Kelsey runs out to the side of the house, where Sean reveals “the gift” to her. No…”the gift” isn’t what’s inside Sean’s Fruit of the Loom boxer briefs (thankfully.) Instead, it’s a 3.5-carot ring. 

(This dude doesn’t work. How the hell is he affording a diamond ring with over three carots? Are we sure he didn’t mean carrots? Like, he got a ring and three and a half carrots for her to eat while she decides if she wants to marry him or not?) 

“She’s gonna love it, right?!” Sean says excitedly. (Seriously, this is the most enthusiasm we’ve ever seen from Sean, except for maybe the time he heard that they were giving away free hot sandwiches down at the Salvation Army.) 

Kelsey knows that Jade isn’t into being in a relationship with Sean, but she tells Sean that Jade will love the ring.

Sean tells the camera he’s got his eyes set on marriage and more kids. 

“I’m even trying to keep my eyes open at least 30 percent of the day now!”

To read The Ashley’s recap of the previous episode of ‘Teen Mom 2,’ click here

(Photos: MTV) 

11 Responses


  1. Im not from the States so this might be a silly question, but are the schools in WV really that bad? Or is it just some kind of hillbilly joke? ?


  2. I read these recaps for The Ashley’s photo captions. Day made on the Corey Tyler one ?


  3. Omggggggg. The Ashley’s recaps are to die for. I just laugh and laugh when I read them. I don’t even care about the show….just her take on it. ??????

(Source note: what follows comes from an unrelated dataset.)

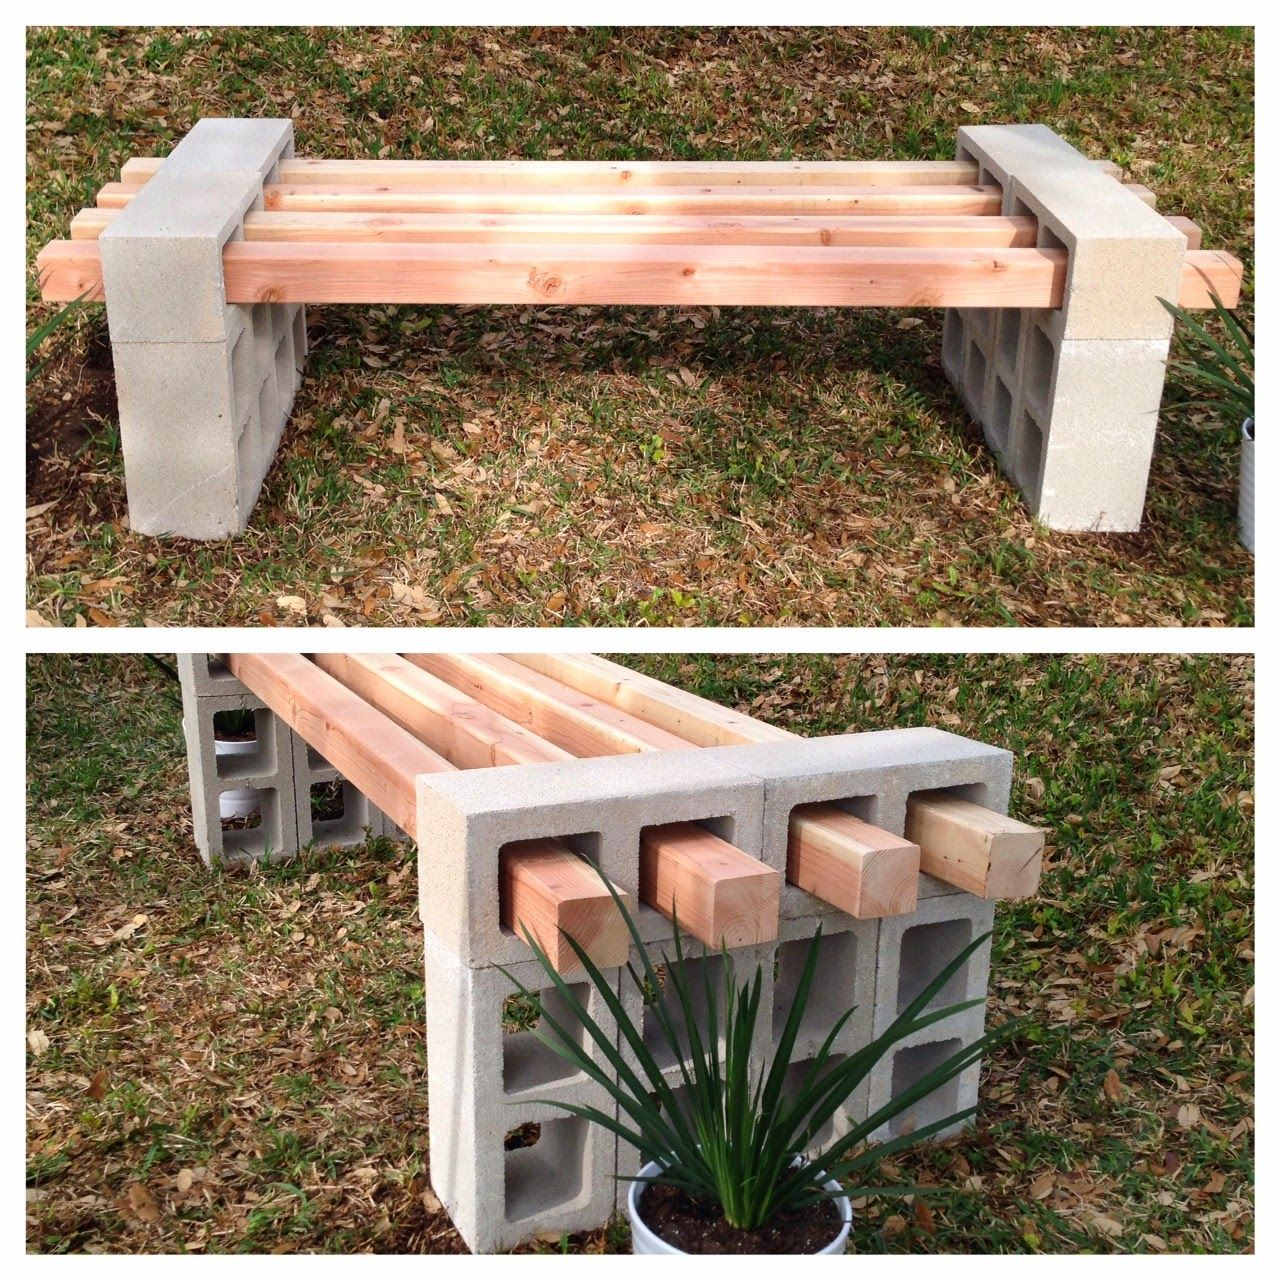 Diy Cinder Block Bench Backyard Furniture Diy Outdoor Diy Garden

  4. I find a Leah incredibly annoying. She think she’s amazing and inspirational, and don’t get me started on the positive affirmations she forces the girls to say. I have a soft spot for any of the original Teen Mom girls, but a Leah doesn’t sit right. I think it’s because she equates having money, to being intelligent. She is very lucky that she was picked for a reality show as a child and is still riding off the back of it. I feel like when the show ends, she will have spent all the money, and be desperately calling media photographers to tell them where she is, so can be “caught” out and about


  5. It is literally about 4 years since I actually watched this show, and yet I live for these recaps, it’s the one reason I hope they never cancel TM!


  6. This show is so boring that theres no need to watch because its like watchung reruns. Thats what happens when storylines are recycled.the throwing a party story line has been beat to death by Cheyenne.


  7. Ha ha ha, your Corey Tyler caption had me cracking up!
    Love a good TM recap by The Ashley….can only be beat by a Barb scream about gettin’ high or a quote from Leah – taken directly from her ‘not well’ school where her girlseses go.


  8. I can always count on the Ashley to make these recaps entertaining and hilarious! The exact opposite of the show! I now keep Teen Mom 2 on my DVR for when I have insomnia and can’t sleep. You would be surprised how quickly I am sawing logs from sheer boredom.


    1. Seriously- give the people what they want. Not new characters nobody cares about like Ashley. We want our Babs back! And I’m sure Babs can use the money.